Société

« De la vraie camelote » : Les déchets électroniques des pays riches inondent les marchés locaux au Nigéria

Par une journée animée dans le nord du Nigéria, Marian Shammah se rendit au marché de Sabon Gari, l’un des plus grands centres de vente d’électronique de l’État de Kano. Cette femme de ménage de 34 ans avait besoin d’un réfrigérateur, mais face à la hausse des prix et à ses maigres revenus, elle voyait dans les appareils d’occasion vendus sur le marché une véritable aubaine. Après avoir trouvé celui qu’elle voulait, elle paya 50 000 nairas (36 dollars) au vendeur et l’emporta chez elle. Mais un mois plus tard, le congélateur tomba en panne. « Seule la partie supérieure du réfrigérateur fonctionnait, le congélateur était hors service », expliqua Shammah.

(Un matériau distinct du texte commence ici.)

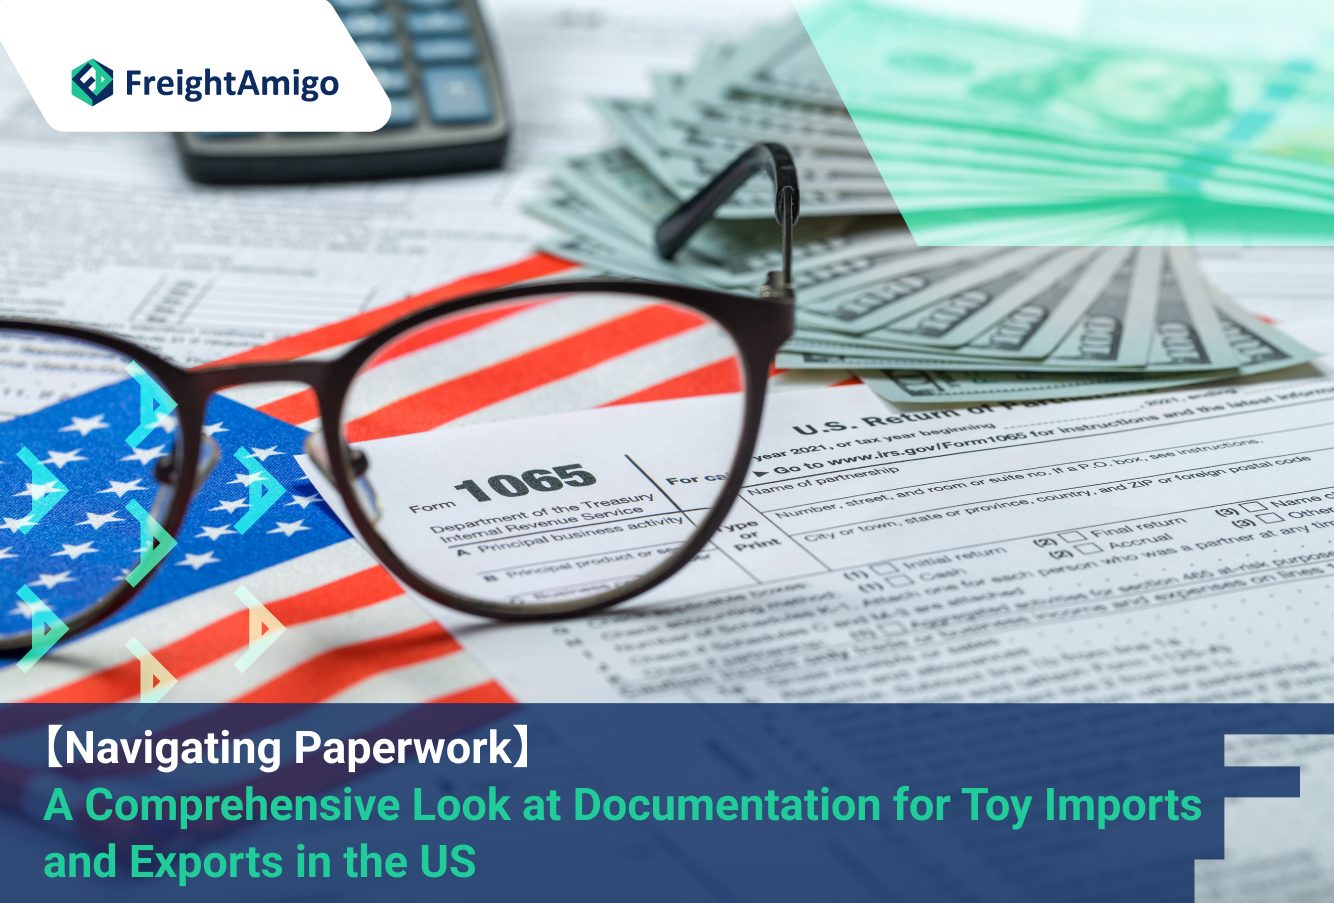 【Navigating Paperwork】 A Comprehensive Look at Documentation for Toy Imports and Exports in the US

Sa nourriture se gâta, ses économies s’évaporèrent et elle se retrouva bientôt de retour au marché à la recherche d’un autre appareil. Bien que Shammah aurait pu acheter un appareil électroménager neuf local en ajoutant environ 50 000 nairas, elle – comme des millions de Nigérians – estime que les produits d’occasion provenant d’Amérique et d’Europe « durent plus longtemps » que les produits neufs vendus au Nigeria, selon les observateurs, cette tendance s’inscrit dans une crise plus vaste. Le Nigeria est devenu une destination majeure pour les déchets électroniques des pays développés – des appareils souvent en fin de vie, parfois complètement hors service, et fréquemment toxiques car ils contiennent des substances dangereuses. Lorsqu’ils tombent en panne, ils viennent s’ajouter aux décharges, aggravant ainsi la grave crise des déchets électroniques qui sévit déjà sur le continent africain.

Environ 60 000 tonnes d’appareils électroniques usagés entrent chaque année au Nigeria par les principaux ports, dont au moins 15 700 tonnes sont déjà endommagées à leur arrivée, selon les Nations Unies. Le commerce des produits électroniques d’occasion est largement alimenté par les exportateurs étrangers. Une étude de suivi menée par l’ONU entre 2015 et 2016 a révélé que plus de 85 % des appareils électroniques usagés importés au Nigéria provenaient d’Allemagne, du Royaume-Uni, de Belgique, des Pays-Bas, d’Espagne, de Chine, des États-Unis et de l’Irlande.